Now, let's move forward towards the code in the question:
val bar = if (someRandomCondition) 42
What is the type of bar
going to be? We said above that it is the lowest common ancestor of the types of the then
and else
branch, but …?what is the type of the else
branch? What does the else
branch evaluate to?
Remember, we said that every expression evaluates to a value, so the else
branch must evaluate to some value. It can't just evaluate to "nothing".
This is solved by a so-called unit value of a unit type. The unit value and type are called the "unit" value and type, because the type is designed in such a way that it can only possibly be inhabited by a single value. The unit type has no members, no properties, no fields, no semantics, no nothing. As such, it is impossible to distinguish two values of the unit type from one another, or put another way: there can only be one value of the unit type, because very other value of the unit type must be identical.
In many programming languages, the unit value and type use the same notation as a tuple value and type, and are simply identified with the empty tuple ()
. An empty tuple and a unit value are the same thing: they have no content, no meaning. In Haskell, for example, both the type and the value are written ()
.
Scala also has a unit value, and it is also written ()
. The unit type, however, is scala.Unit
.
So, the unit value, which is a useless value, is used to signify a meaningless return value.
A related, but different concept in some imperative languages is the void
type (or in some languages, it is more a "pseudo-type").
Note that "returns nothing" is different from "doesn't return", which will become important in the second part of this answer.
So the first half of the puzzle is: the Scala Language Specification says that
if (condition) expression
is equivalent to
if (condition) expression else ()
Which means that in the (implicit) else
case, the return type is Unit
, which is not compatible with List[(Int, Int)]
, and therefore, you get a type error.
But why does throwing an exception fix this?
This brings us to the second special type: Nothing
. Nothing
is a so-called bottom type, which means that it is a subtype of every type.
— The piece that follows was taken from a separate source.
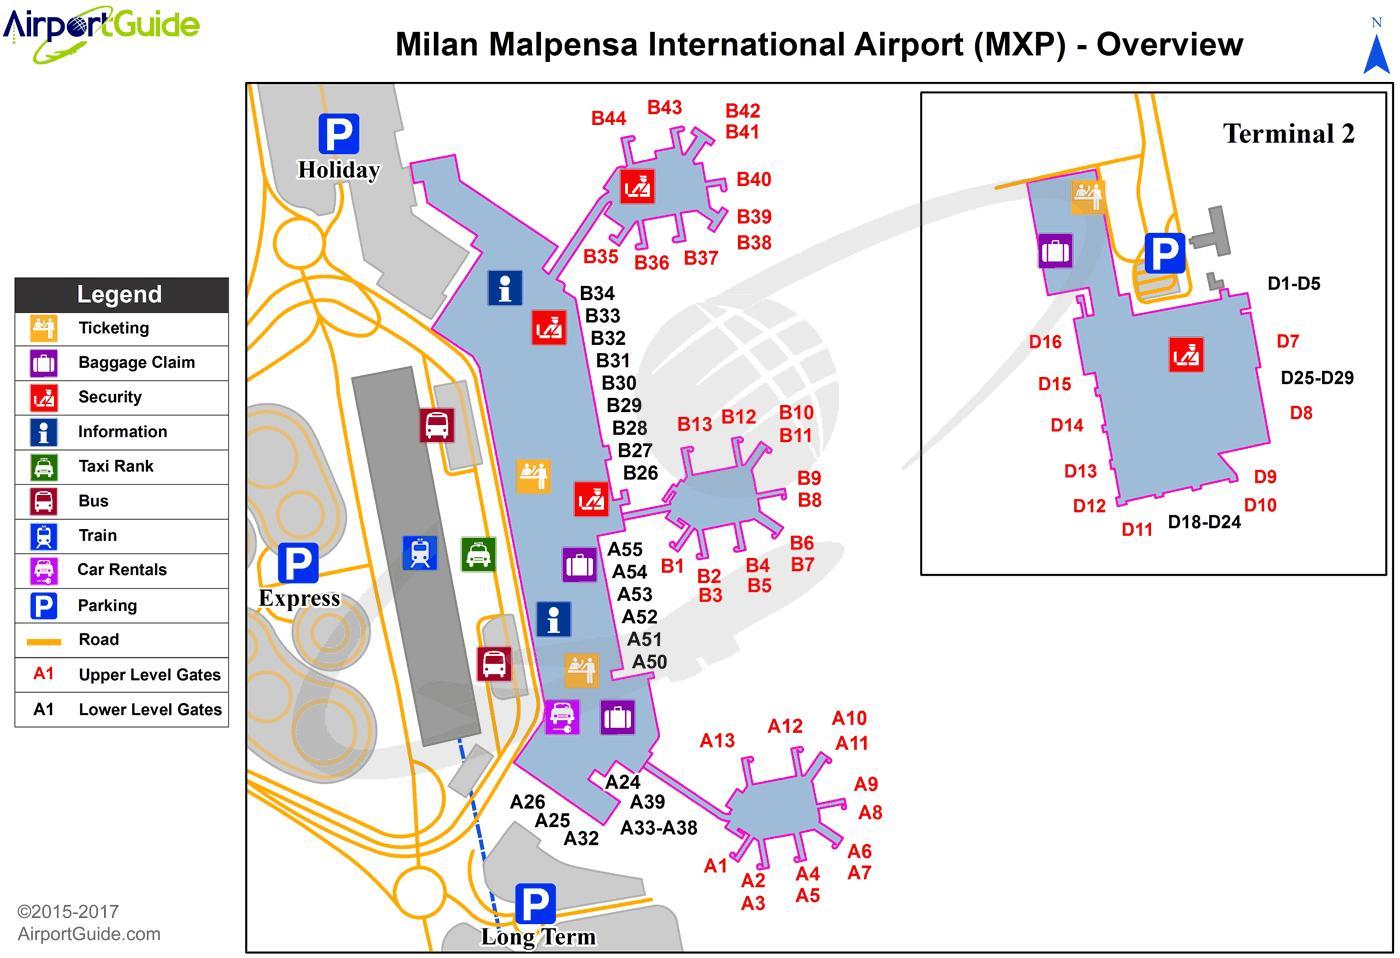 Milano Flygplats Karta Milano Flygplats Karta Lombardiet Italien

Nothing
does not have any value. So, what then, would a return type of Nothing
signify?
It signifies an expression that doesn't return. And I repeat what I said above: this is different from returning nothing.
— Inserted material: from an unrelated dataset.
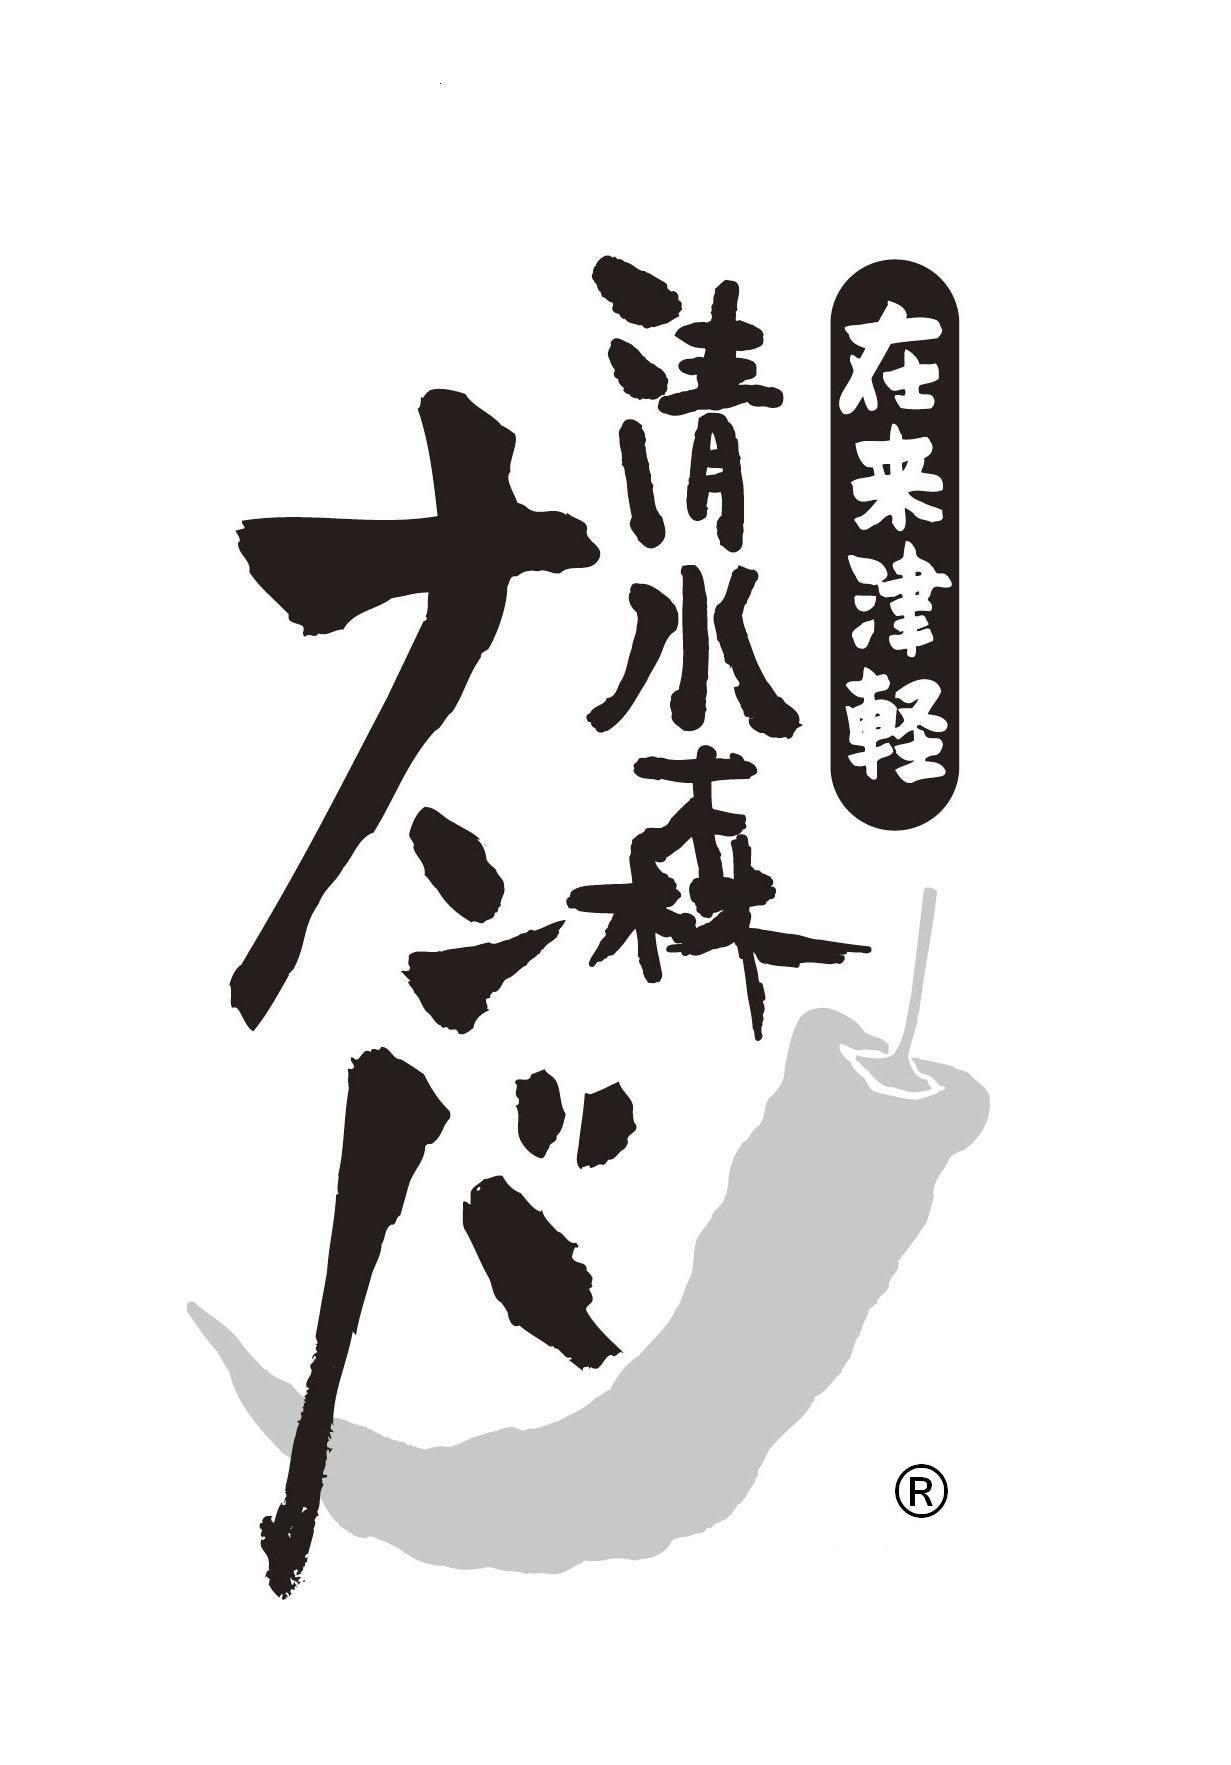 清水森ナンバ 公式ロゴ

A method that has only a side-effect returns nothing, but it does return. Its return type is Unit
and its return value is ()
. It doesn't have a meaningful return value.
A method that has an infinite loop or throws an exception doesn't return at all. Its return type is Nothing
and it doesn't have a return value.
And that is why throwing an exception in the else
clause fixes the problem: this means that the type of the else
clause is Nothing
, and since Nothing
is a subtype of every type, it doesn't even matter what the type of the then
clause is, the lowest common supertype of the type of the then
clause and Nothing
will always be the type of the then
clause. (Think about it: the lowest common ancestor of a father and any of his children, grandchildren, great-grandchildren, etc. will always be the father himself. The lowest common ancestor of T
and any subtype of T
will always be T
. Since Nothing
is a subtype of all types, the lowest common ancestor of T
and Nothing
will always be T
because Nothing
is always a subtype of T
, no matter what T
is.)